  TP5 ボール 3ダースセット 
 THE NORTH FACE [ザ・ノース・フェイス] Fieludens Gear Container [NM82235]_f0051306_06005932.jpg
--
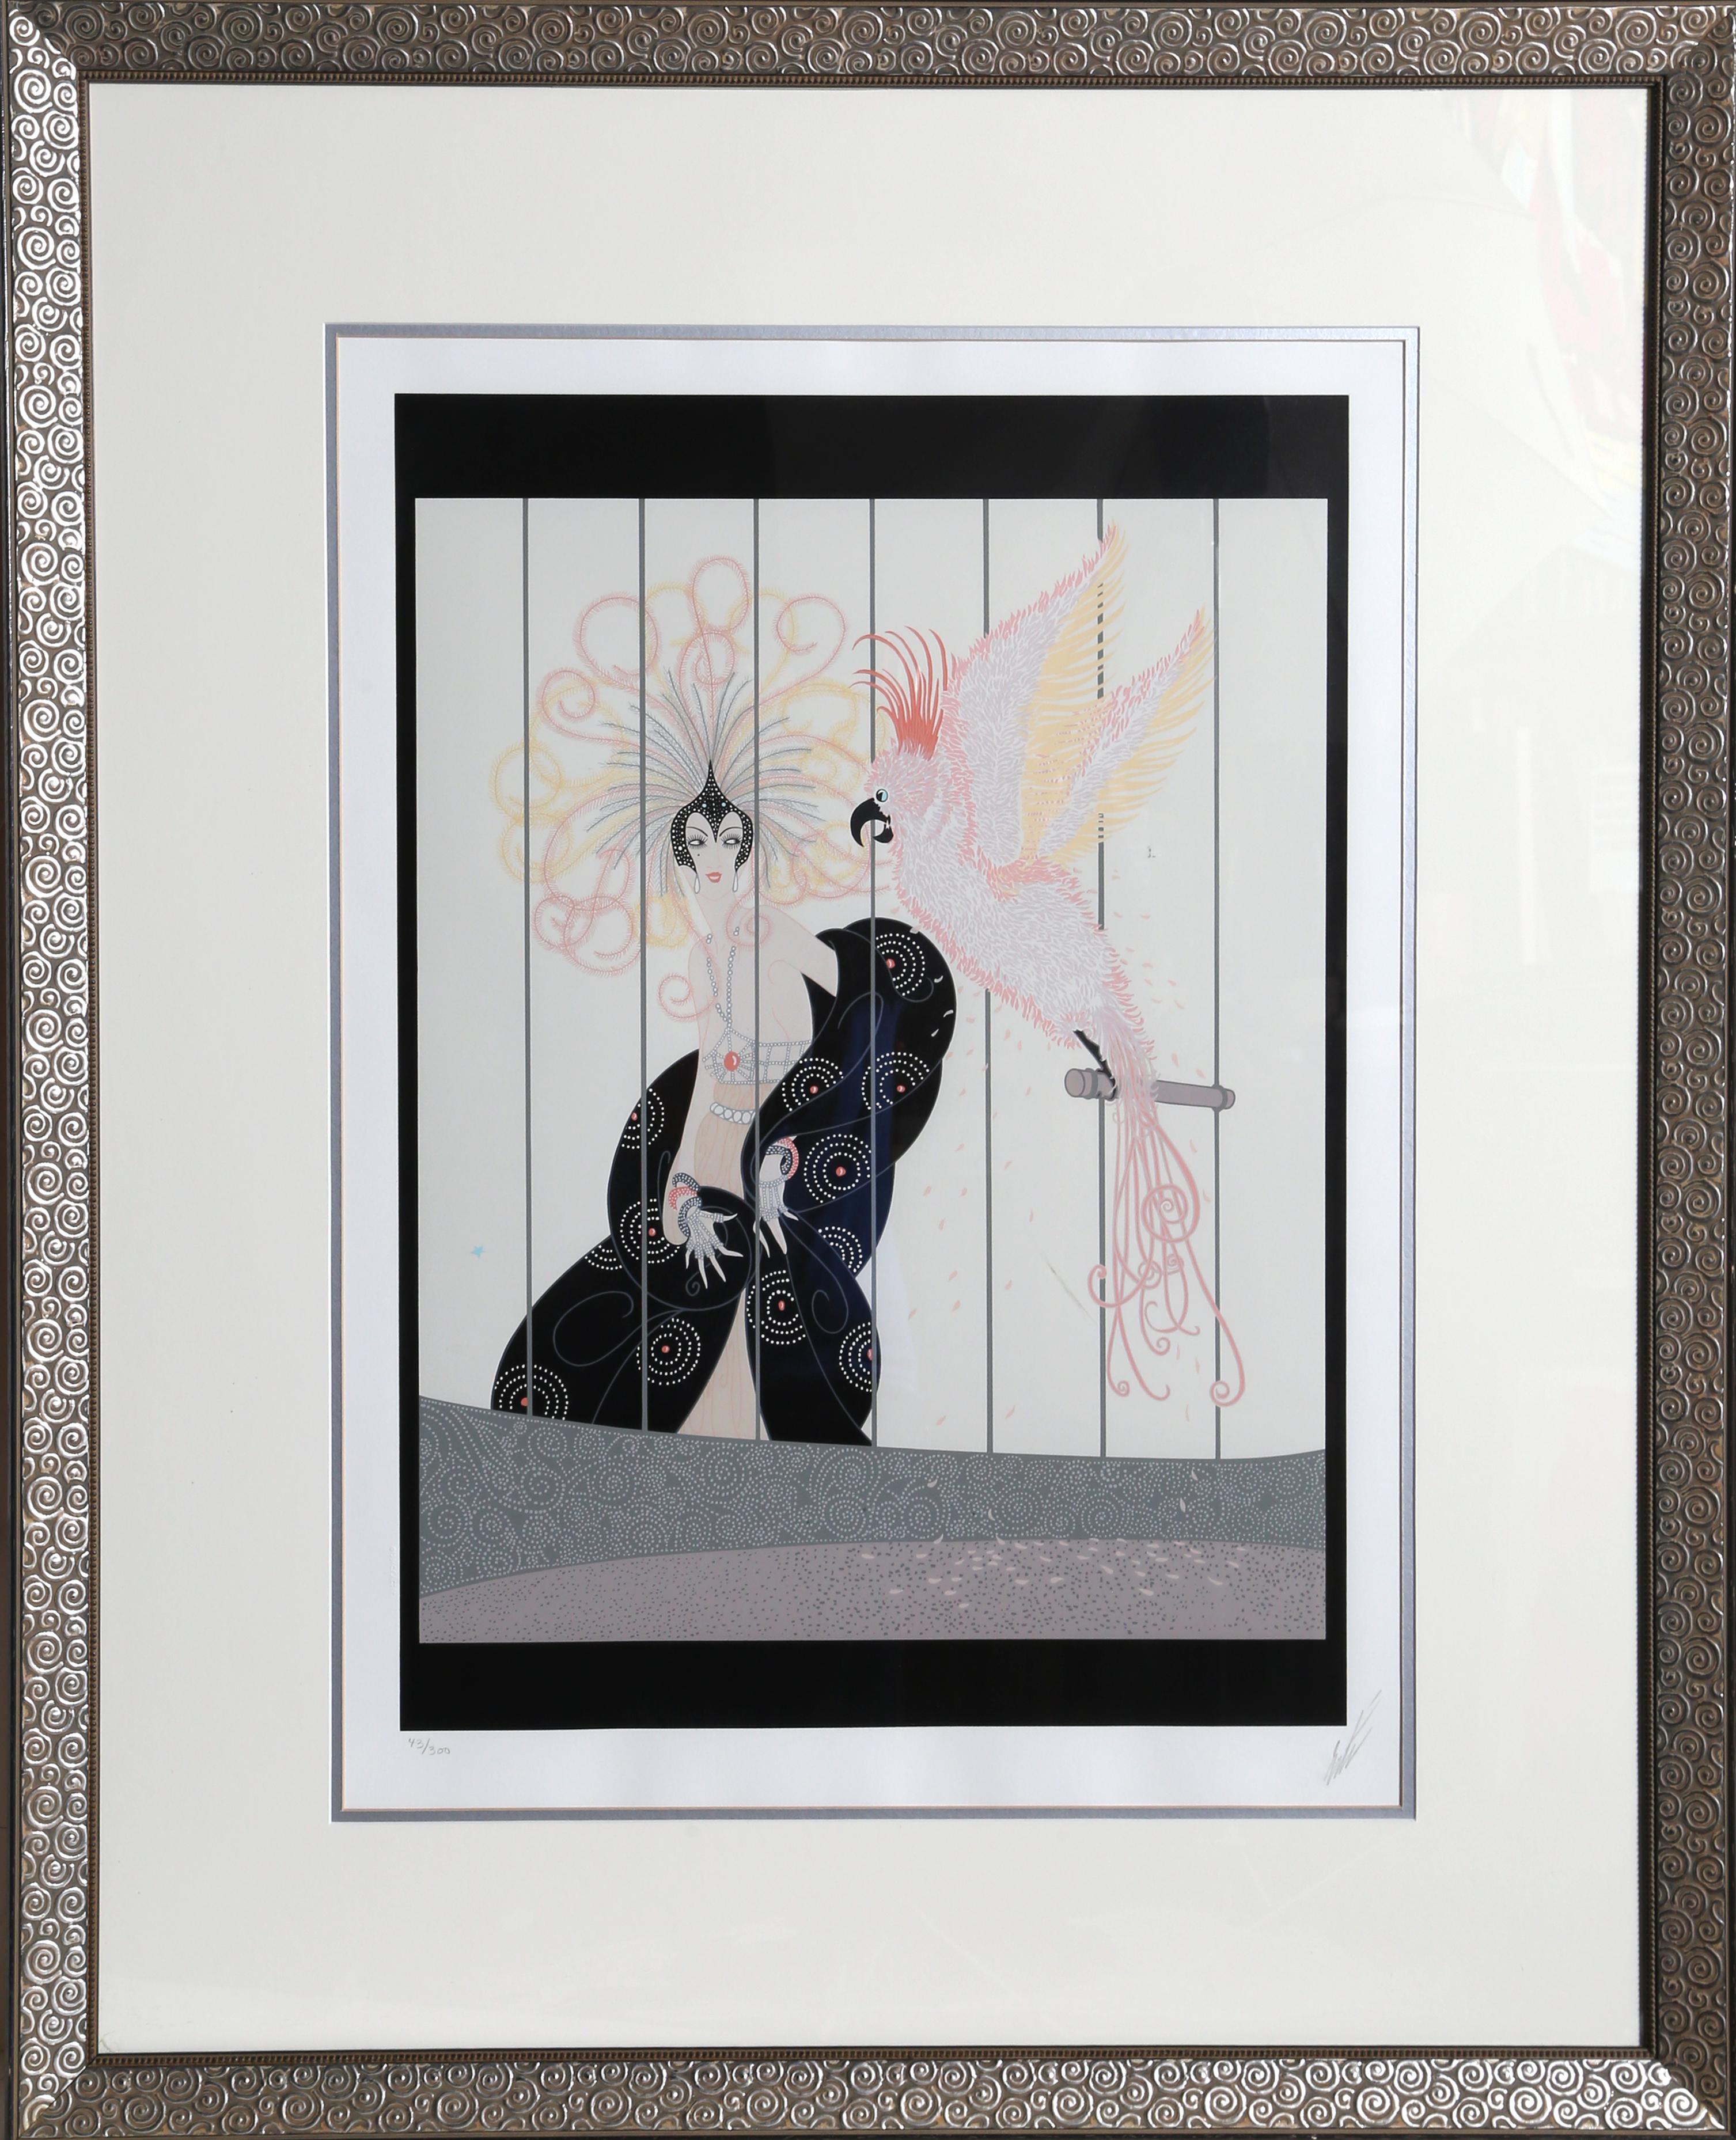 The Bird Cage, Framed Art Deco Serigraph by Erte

● **Task statement**:
Go to the line with "TP5 ボール 3ダースセット" in the entries above and repeat every line from there through the line with "THE NORTH FACE", exactly and with no other text.

● **Response area**:
  TP5 ボール 3ダースセット 
 THE NORTH FACE [ザ・ノース・フェイス] Fieludens Gear Container [NM82235]_f0051306_06005932.jpg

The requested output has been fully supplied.